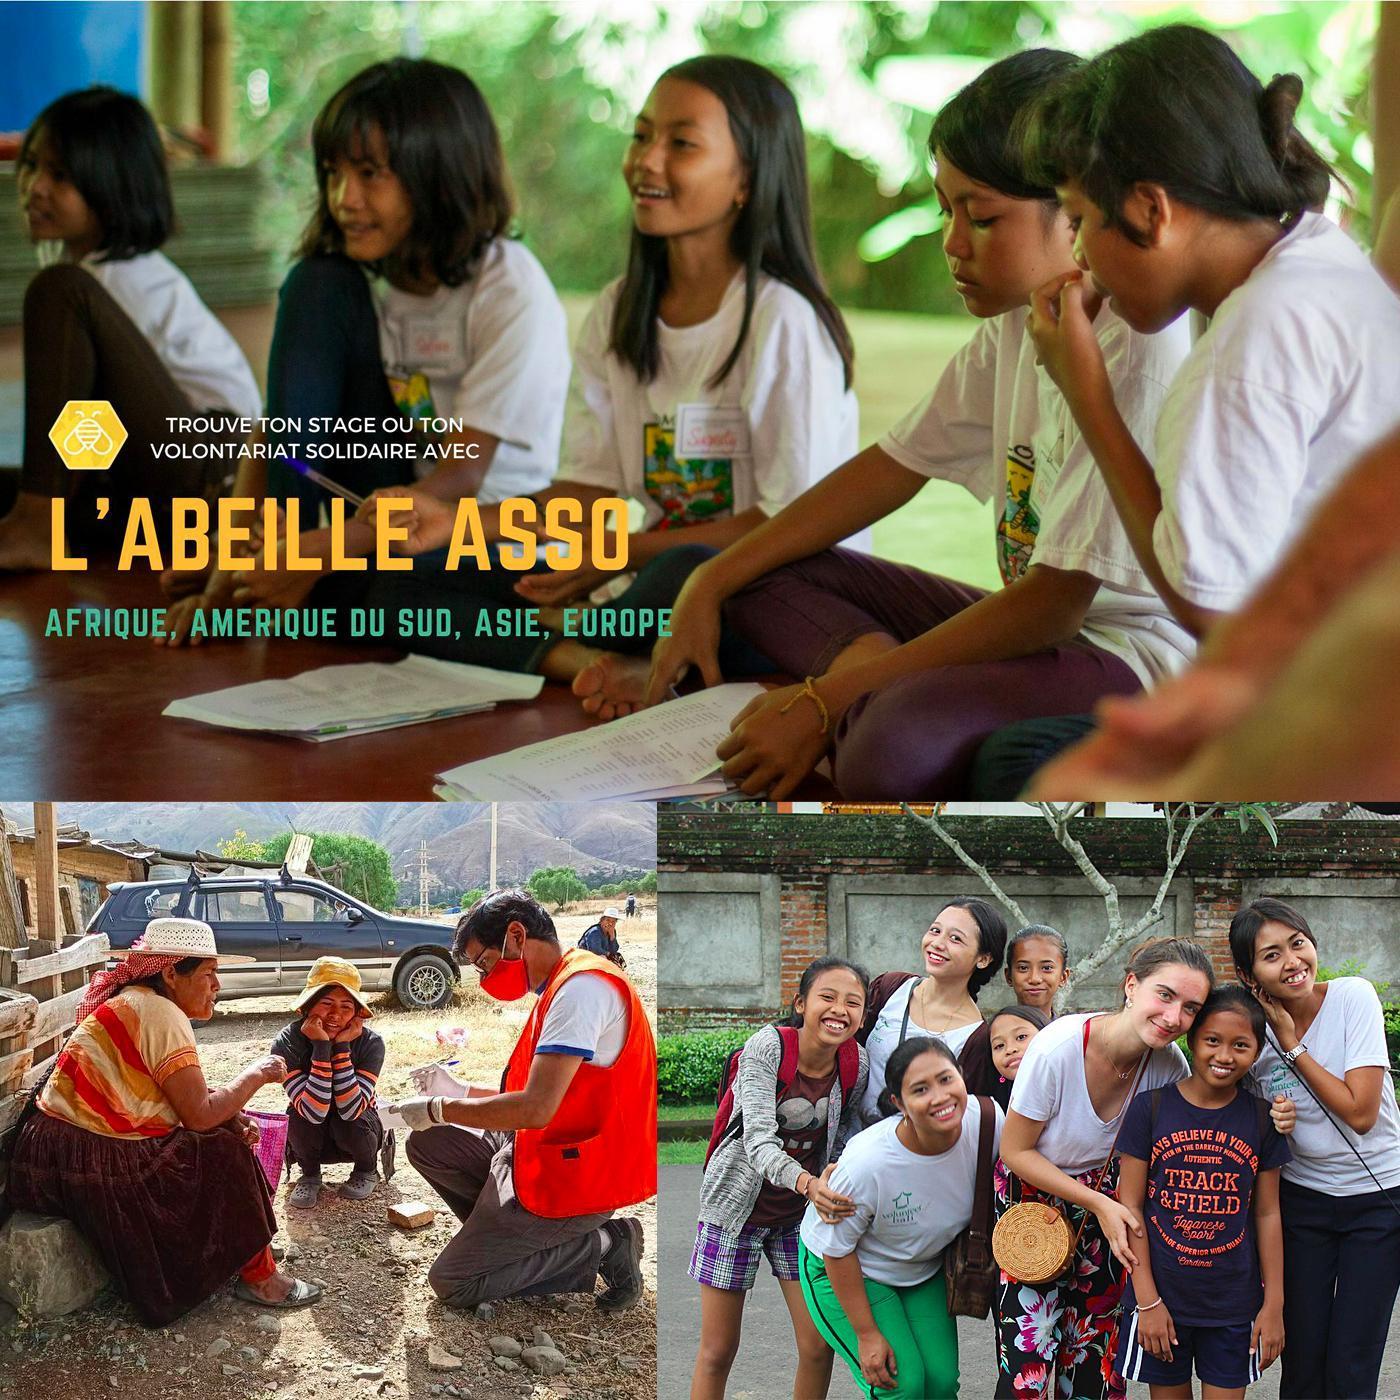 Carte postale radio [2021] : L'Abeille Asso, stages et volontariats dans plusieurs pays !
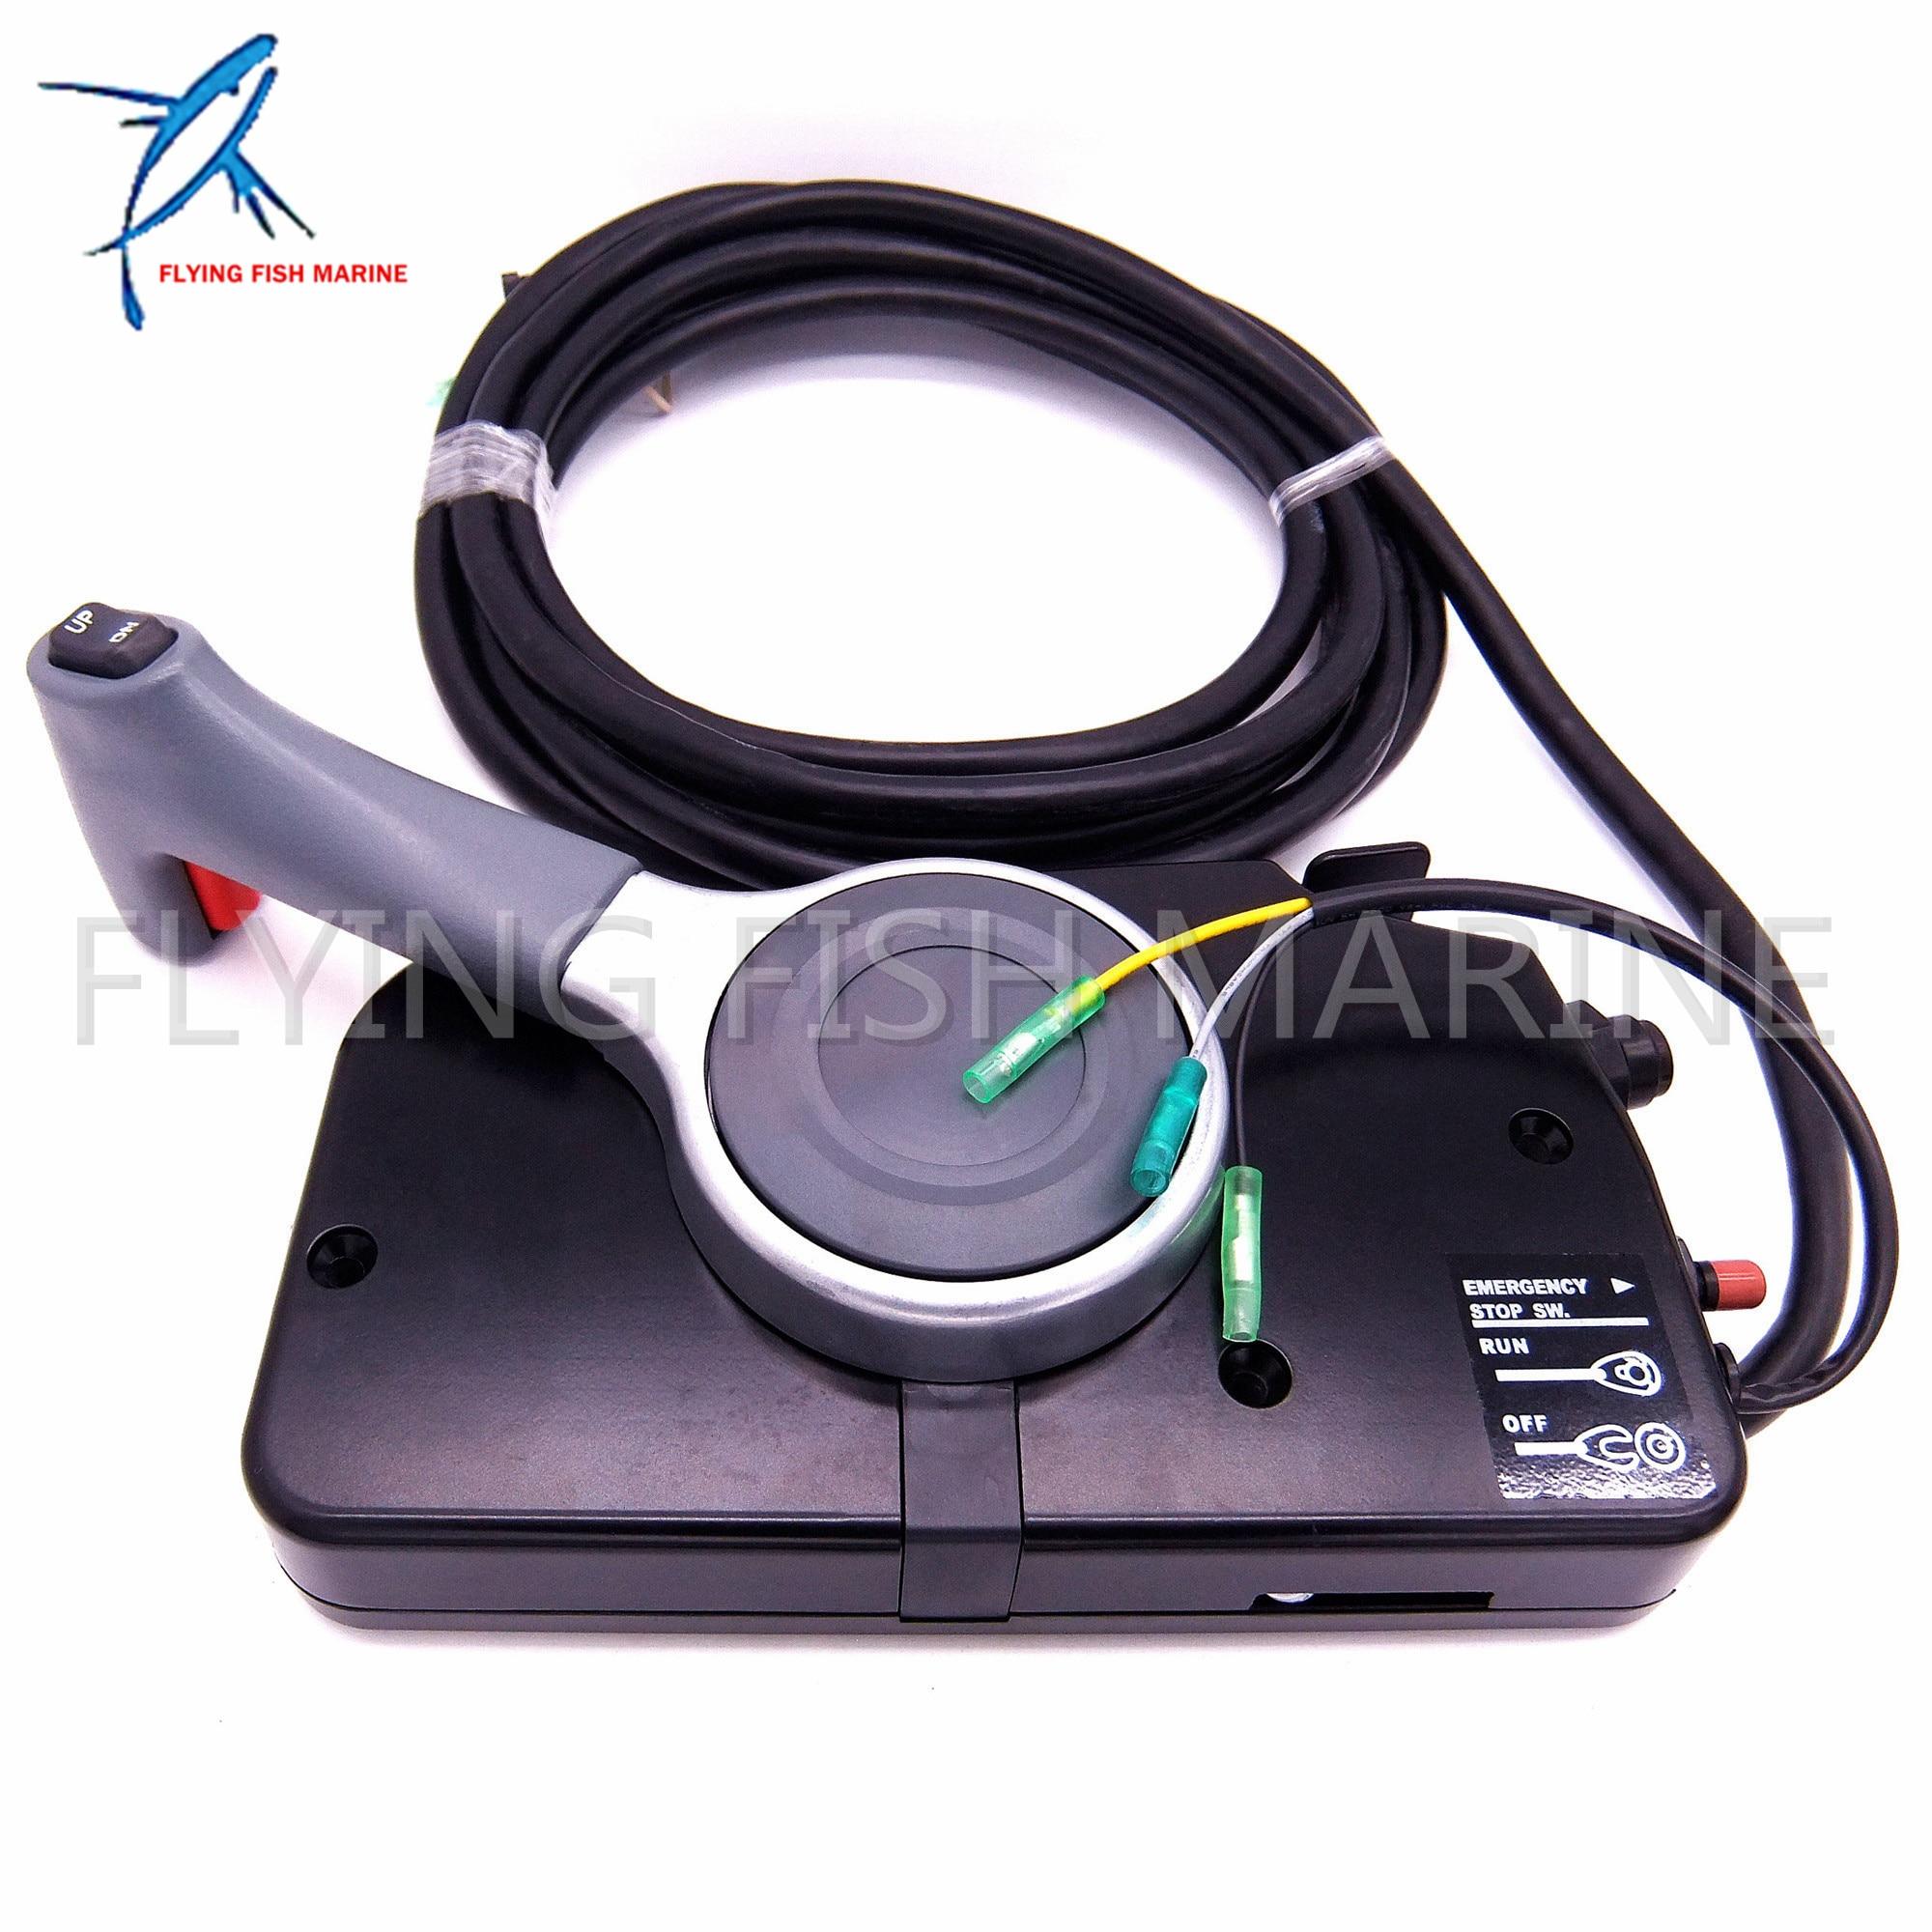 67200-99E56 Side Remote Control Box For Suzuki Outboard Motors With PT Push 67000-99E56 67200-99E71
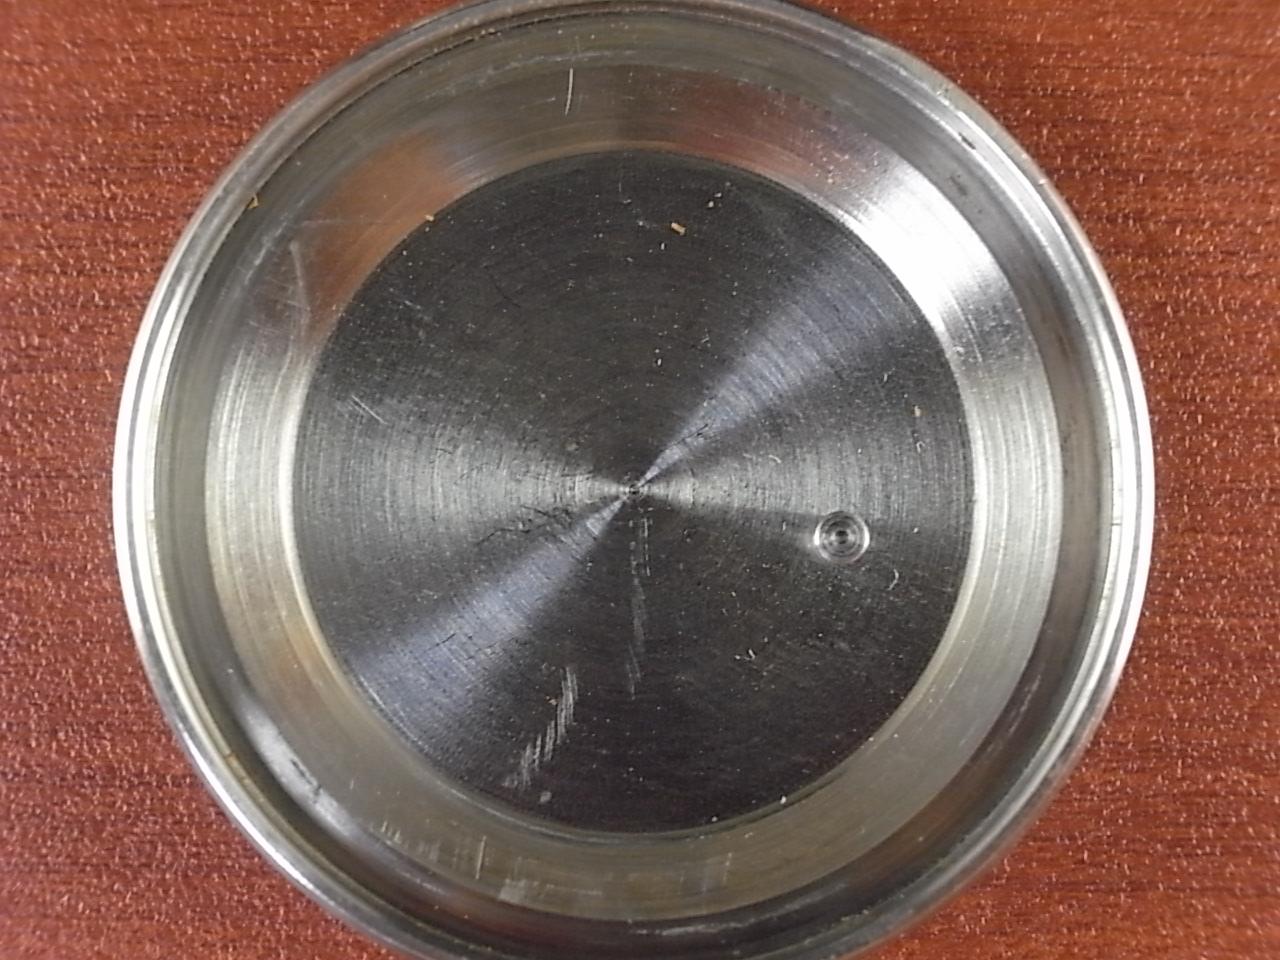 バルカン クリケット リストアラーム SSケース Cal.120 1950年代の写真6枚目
++++++++++++++++++++
Omit the pictures, then set down all the remaining data exactly as given.

> **Exercise answer**
 Carte postale radio [2021] : L'Abeille Asso, stages et volontariats dans plusieurs pays !
 67200-99E56 Side Remote Control Box For Suzuki Outboard Motors With PT Push 67000-99E56 67200-99E71
 バルカン クリケット リストアラーム SSケース Cal.120 1950年代の写真6枚目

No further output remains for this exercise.